## Run these cells only once during a session

Before running these files, there should be 3 importants thing already living within the runtime / directory space

1. `mlod.zip` - this zip file contains the entire code base
2. `requirements.txt` - the list of packages to install before doing anything
3. this notebook file

### Installing the `mlod` package

This cell installs the mlod package to the Colab

In [None]:
from zipfile import ZipFile

with ZipFile('./mlod.zip', 'r') as zpf:
    zpf.extractall(path='./')

### Installing the packages
Run the cell below to install the packages used in the project

In [None]:
!pip install -r ./requirements.txt

# Challenge #1: AirQo Ugandan Air Quality Forecast Challenge

This notebook contains the reformat of the code, so that properly set up for implementation.
Most of the code abstractions are written inside our package `mlod`, which should be included with this notebook.


## Init Steps

This section involves setting up the data from the `zindi` to use for the competition

### Setting up the data

Please upload the to the `./data` path inside the workspace folder. Run the cell below, repeateadly till when there are no errors.
Make sure the uploaded data is the `Train.csv` and `Test.csv` used in the competition

In [None]:
from pathlib import Path

train_file_csv = Path('./data/Train.csv')
test_file_csv = Path('./data/Test.csv')

# check if Train file doesn't exist
assert train_file_csv.exists(), 'Make sure the Test csv file exists the path "%s"' % train_file_csv

# check if Test file doesn't exist
assert test_file_csv.exists(), 'Make sure the Test csv file exists the path "%s"' % test_file_csv

## Actual sequence of processes

### Initiating different processes

Performing steps that are needed for before doing any form of training

In [None]:
import random
import numpy as np

# using our chosen seed number
from mlod import SEED_NUMBER as MLOD_SEED_NUMBER

# Setting the seed
random.seed(MLOD_SEED_NUMBER)
np.random.seed(MLOD_SEED_NUMBER)

### Load and preprocess data

In [None]:
import pandas as pd

## Fetching the data
train_df = pd.read_csv(train_file_csv)
test_df = pd.read_csv(test_file_csv)

TEST_IDS = test_df['ID']


### Preprocessing the data

[Low-level Preprocessing]<br />
By using the `mlod.preprocessors.*` involves preprocessing the data in the following ways
- Modifying the data such that each row, has its atomic values, thus making the data **grow** in size
- Performing **special** feature engineering that some of which include:
    - Peforming Cyclic Representation to selected features
    - Using wind speed (`wind_spd`) and direction (`wind_dir`) to obtain 
        catersian values for speed (`u` and `v`)
    - Add past features within a certain window of an the current row.<br />
        This technique is to help data make model make relation between sequence of data

### Preprocess + Model Training

Since out approach is an ensemble, and the different models are preprocessed differently, the code below, contains the `Model` paired with its `PreProcessor`.

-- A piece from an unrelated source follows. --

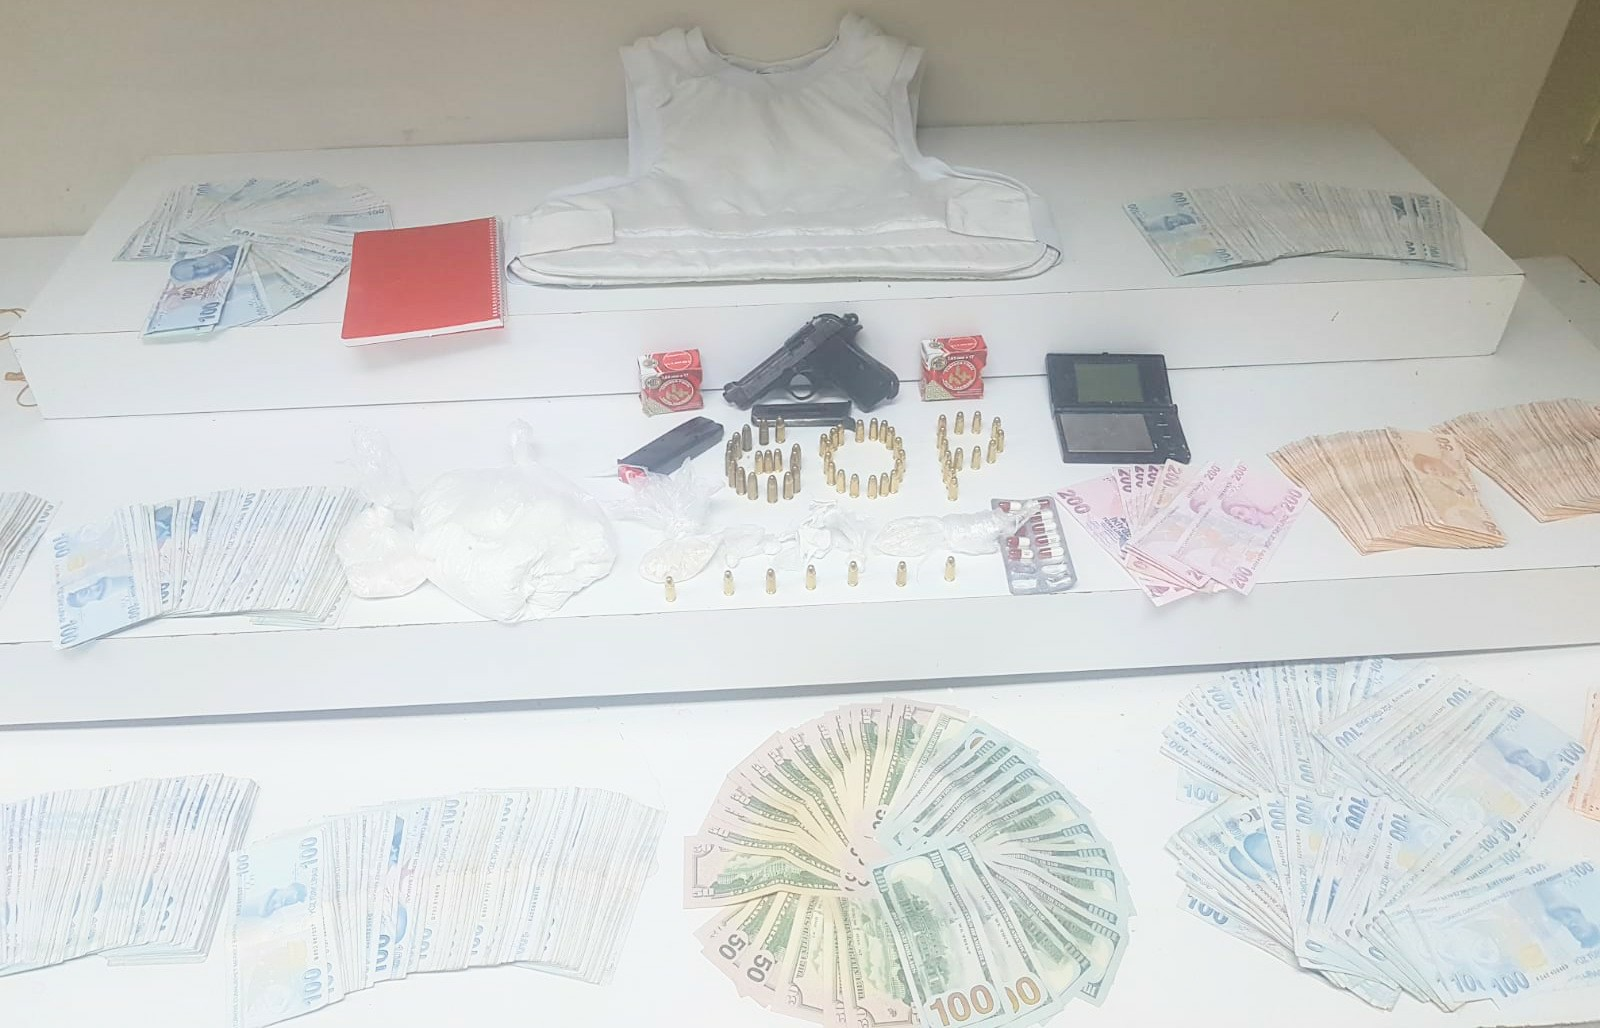 Uyuşturucu deposu ve para kasası patlatıldı, 5 kişi kodesi boyladı

Since for our ensemble we are boosting, we will be using the values from the `1`st process and feed it to the next

#### 1: LightGBM + Version 1 Pre Processing

This first approach includes using our `MlodPreProcessor` and our `LGBModel`

In [None]:
from mlod.preprocessors import MlodPreProcessor

mlod_preprocessor = MlodPreProcessor()
mlod_pp_opts = dict(cols_to_retain=['ID'])
x_train, y_train = mlod_preprocessor.process(train_df, **mlod_pp_opts)

In [None]:
# Training the LGB Model
# ------------------------------
import pandas as pd
from mlod.models import LGBModel
from sklearn.model_selection import GroupKFold

lgb_model = LGBModel('airqo')

In [None]:
x_train_ids = x_train.pop('ID')
fold_group = x_train['day_idx'].astype(str) + '_' + x_train['24hr_idx'].astype(str)

In [None]:
assert 'ID' not in x_train.columns, 'Make sure ID is NOT in the columns'

In [None]:
# perfoming evalution, not training since 'cv' is True
lgb_eval_out = lgb_model.train(x_train, y_train, cv=True, kfold=GroupKFold, group=fold_group, n_splits=3)

# Save the to feed to the next
df_to_feed = pd.DataFrame.from_dict({ 'ID': x_train_ids, 'oof': lgb_eval_out['oof'] })

save_path = './lgb_eval.csv'
df_to_feed.to_csv(save_path)
print('Saving the OOF values to path: {}'.format(save_path))

In [None]:
import lightgbm as lgb

# training the model
lgb_model.train(x_train, y_train, cv=False)

# save the model
lgb_model.model.save_model('./lgb-airqo')

#### 2: CatBoost + Version 2 Pre Processing

This first approach includes using our `AirQoPreProcessor` and our `CatBoostModel`

In [None]:
## Training the CatBoost Model
# ------------------------------
from mlod.preprocessors import AirQoPreProcessor

airqo_preprocessor = AirQoPreProcessor()

airqo_pp_opts = dict(cols_to_retain=['ID'])
x_train, y_train = airqo_preprocessor.process(train_df, **airqo_pp_opts)

In [None]:
# since the output of the LGBModel prediction have way more rows (121x) because 
#  of the way it was preprocessed, we need to deal with this
train_feed = df_to_feed.groupby('ID').mean()

# Add the feed value to the data before training to new model
x_train = x_train.join(train_feed, on='ID')

# drop the ID after joining
del x_train['ID']

In [None]:
from mlod.models import CatBoostModel
from sklearn.model_selection import KFold

cb_model = CatBoostModel('airqo')

In [None]:
# performing cross validation training
cb_eval_out = cb_model.train(x_train, y_train, cv=True, store_cv_models=True, kfold=KFold, n_splits=50)

### Ensemble Prediction

Since we are dealing with an ensemble model, the prediction will most likely also have to be different.
We would need to take the output of `lgb_model` and use it as an input to the `cb_model`.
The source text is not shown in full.